§ **TASK DESCRIPTION**:
With the exception of the pictures, write out the data below precisely.

§ **DATASET EXCERPT**:
○ ○ ○

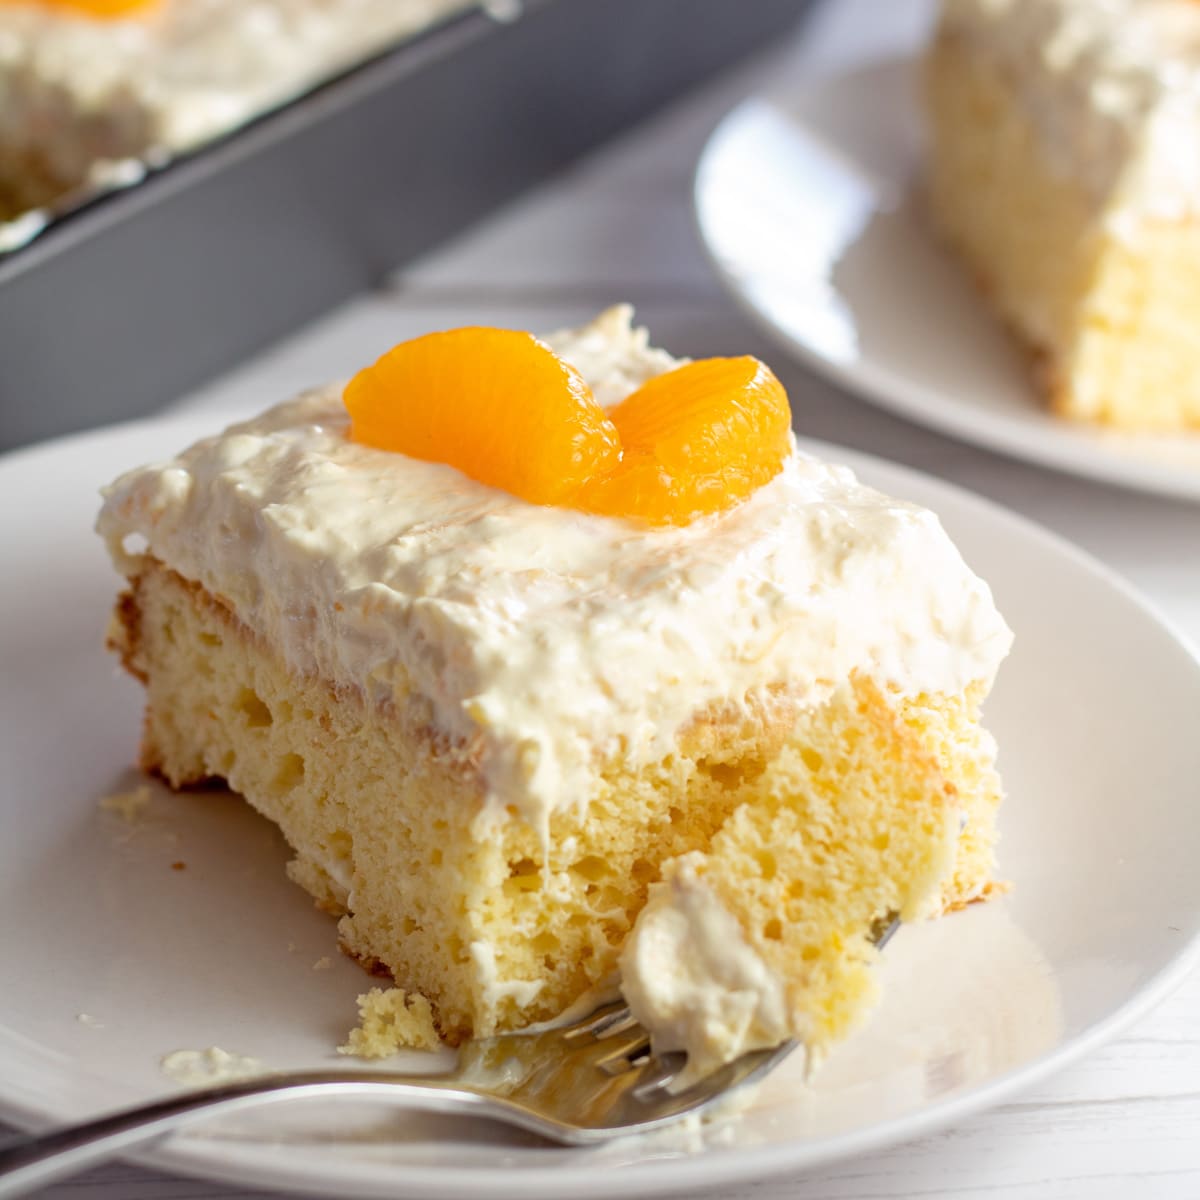 Gambar persegi irisan kue jeruk mandarin di piring putih.
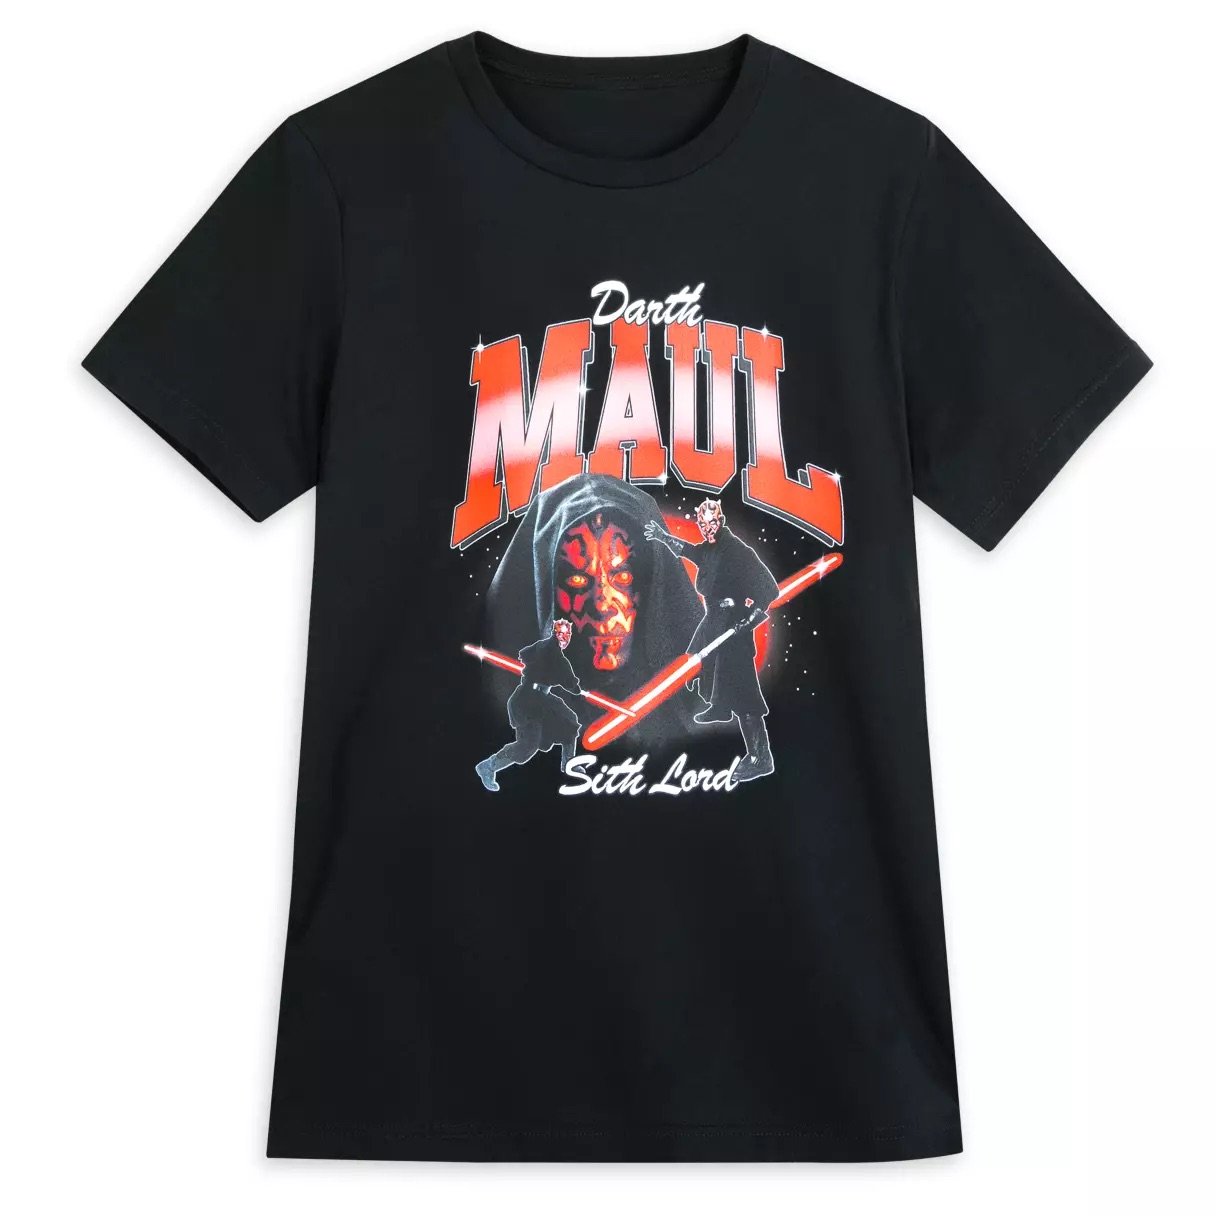 Darth Maul T-Shirt
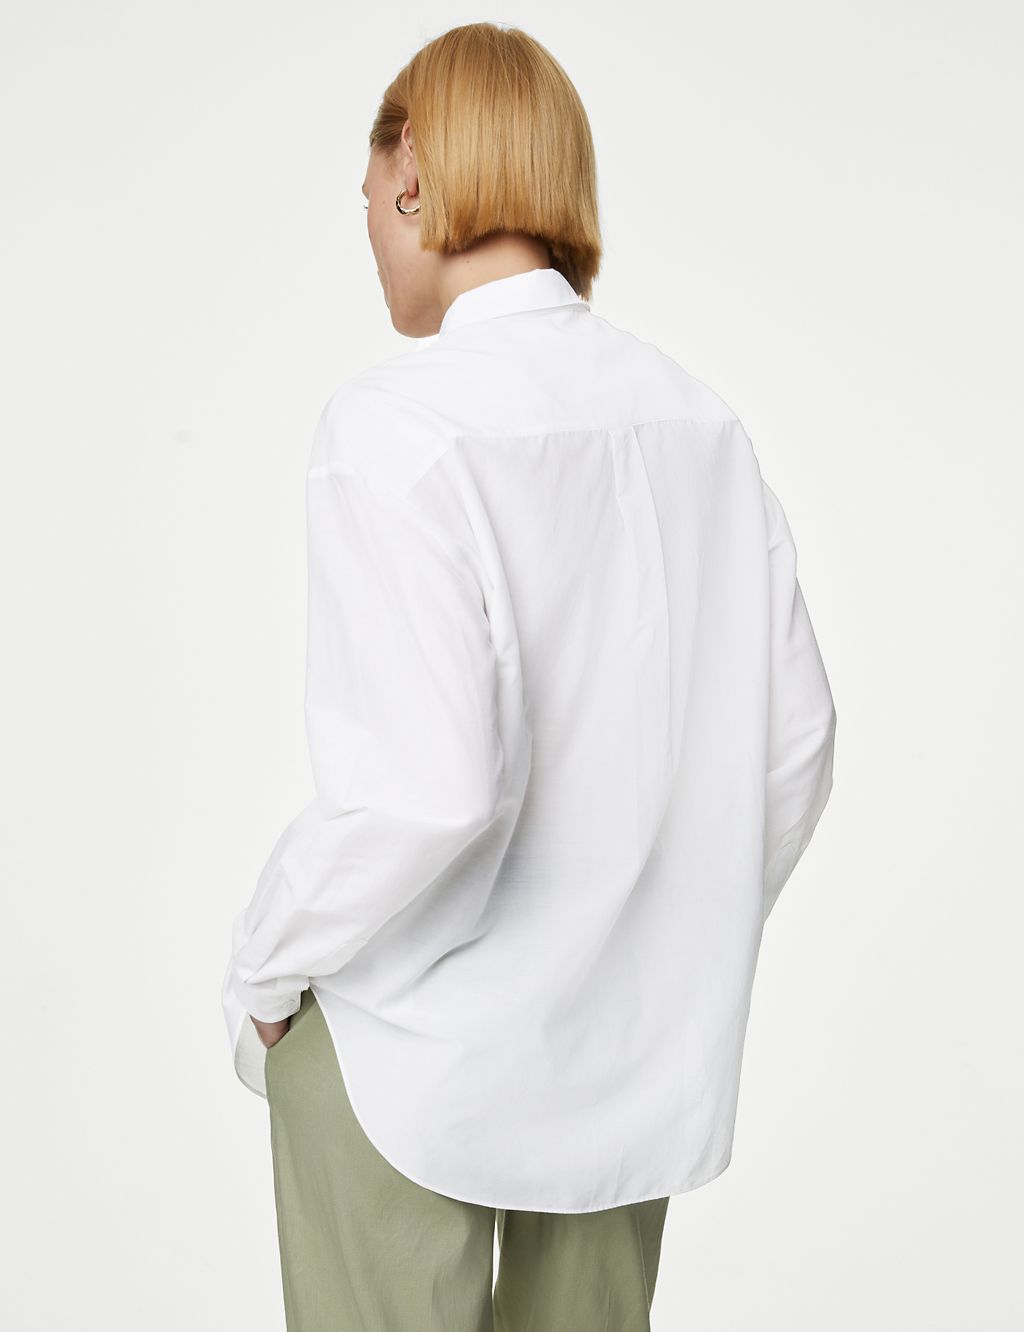 Silk Blend Collared Long Sleeve Shirt 5 of 6
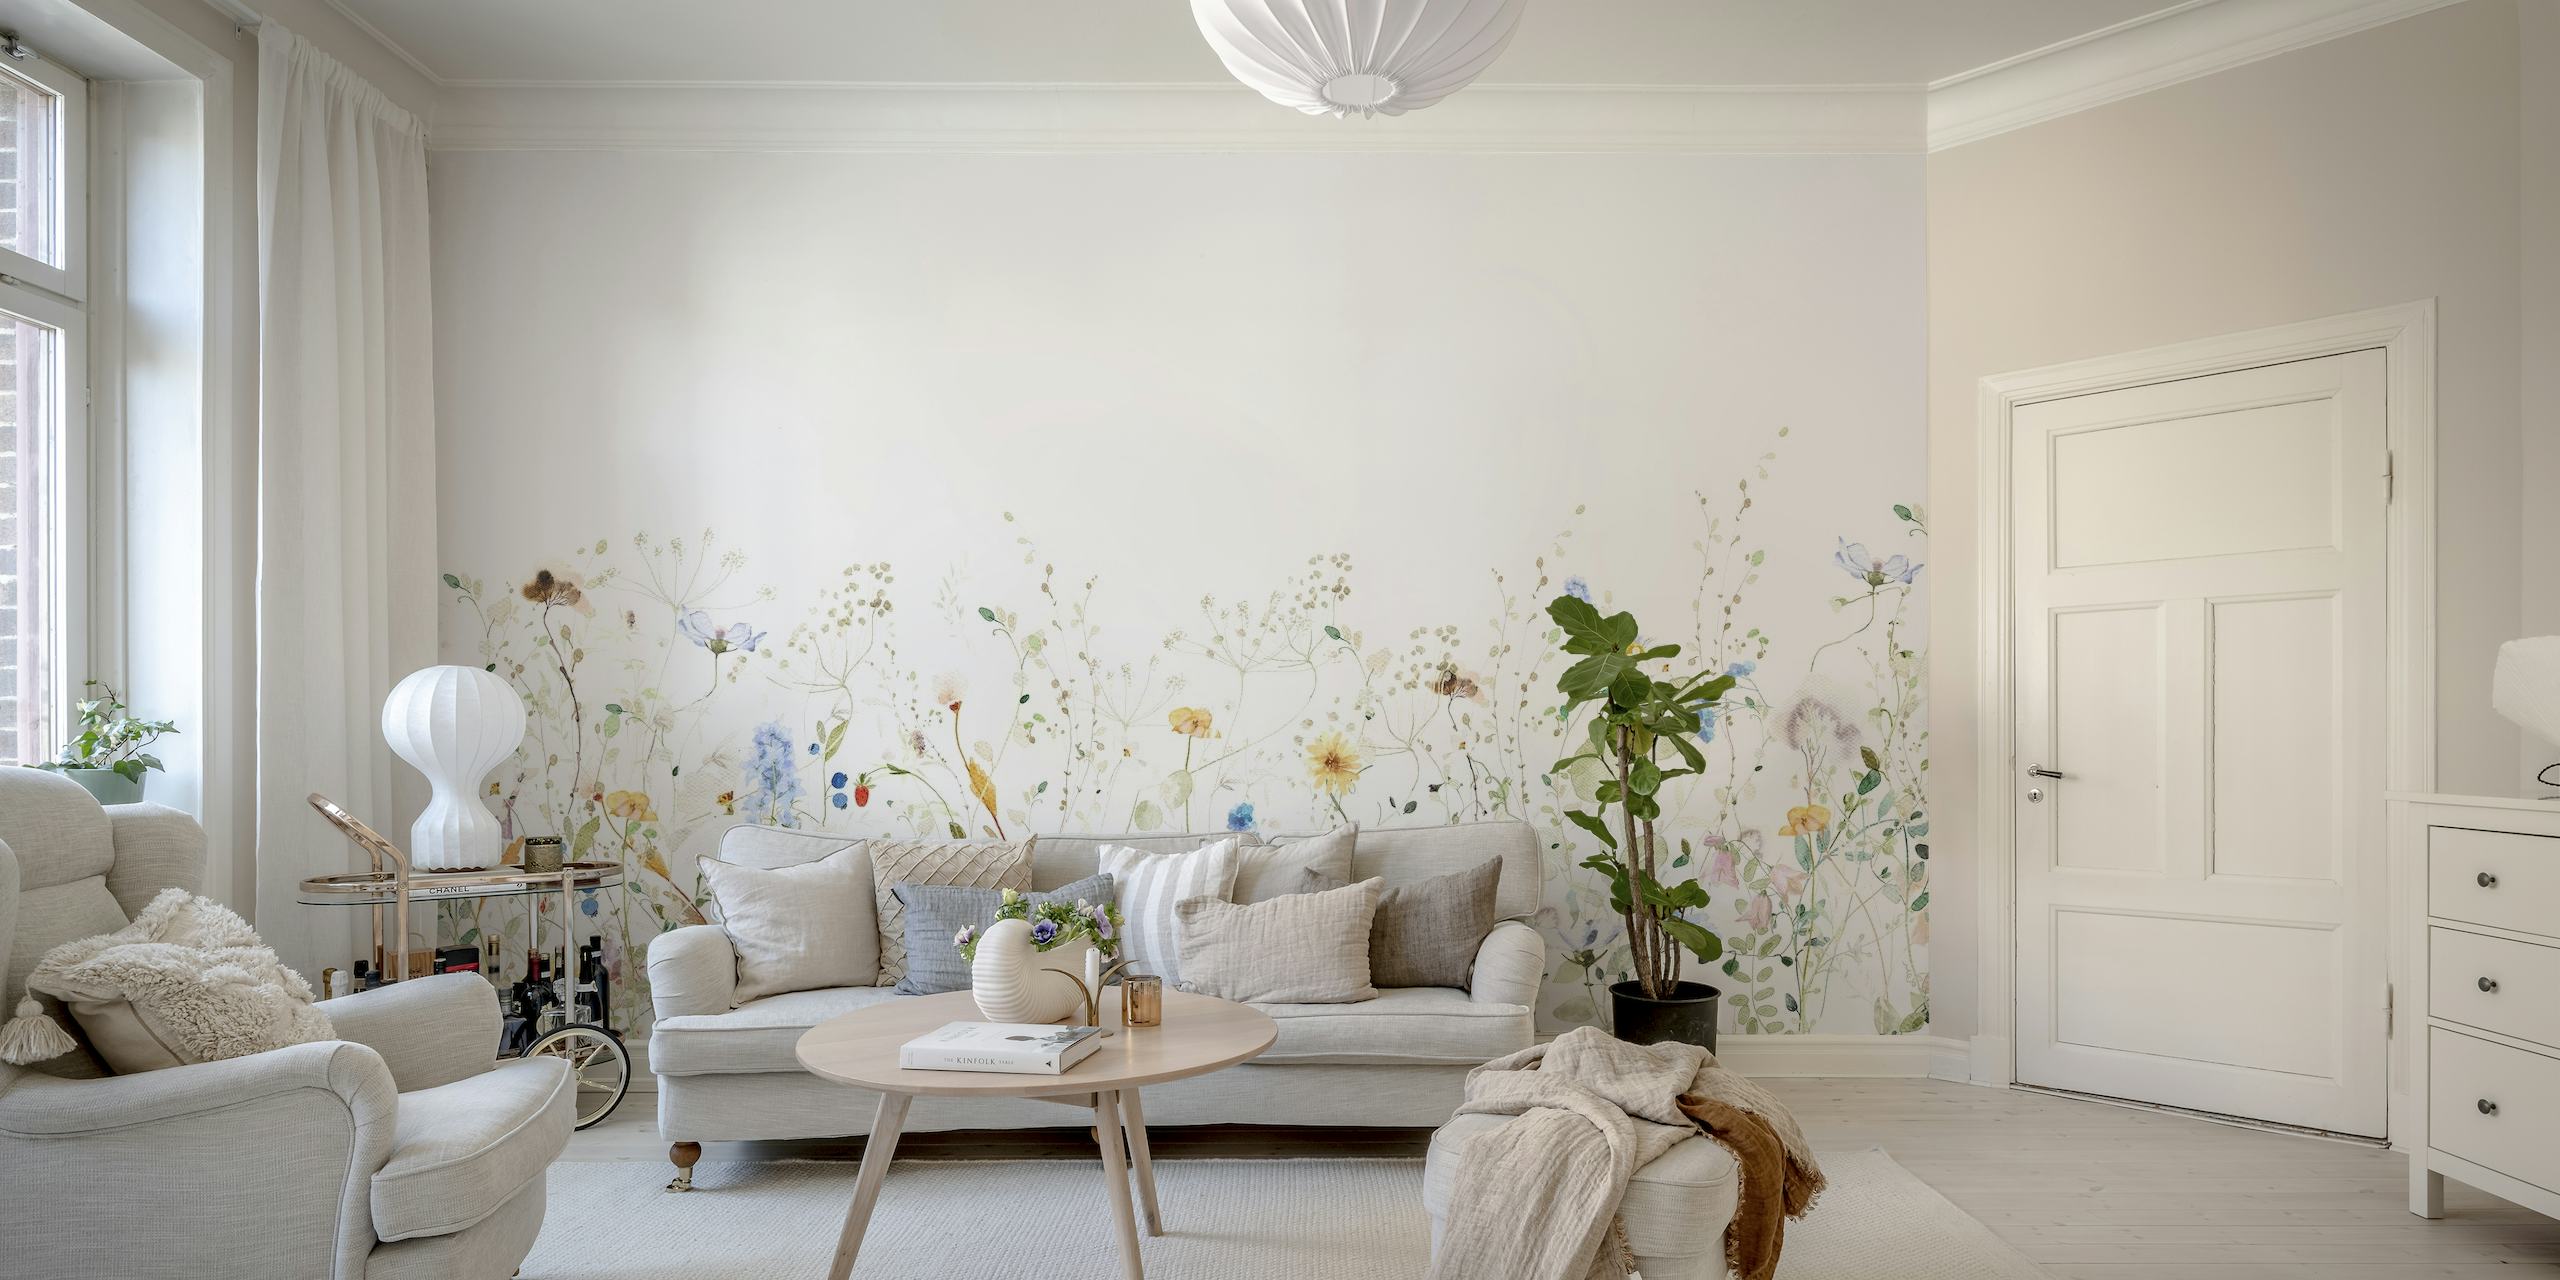 Bunte Wildblumen sind zart auf einem hellen Hintergrund verteilt und ergeben ein üppiges, wiesenartiges Wandgemälde

○ ○ ○

§ **ANSWER BELOW**:
 Gambar persegi irisan kue jeruk mandarin di piring putih.
 Darth Maul T-Shirt
 Silk Blend Collared Long Sleeve Shirt 5 of 6
 Bunte Wildblumen sind zart auf einem hellen Hintergrund verteilt und ergeben ein üppiges, wiesenartiges Wandgemälde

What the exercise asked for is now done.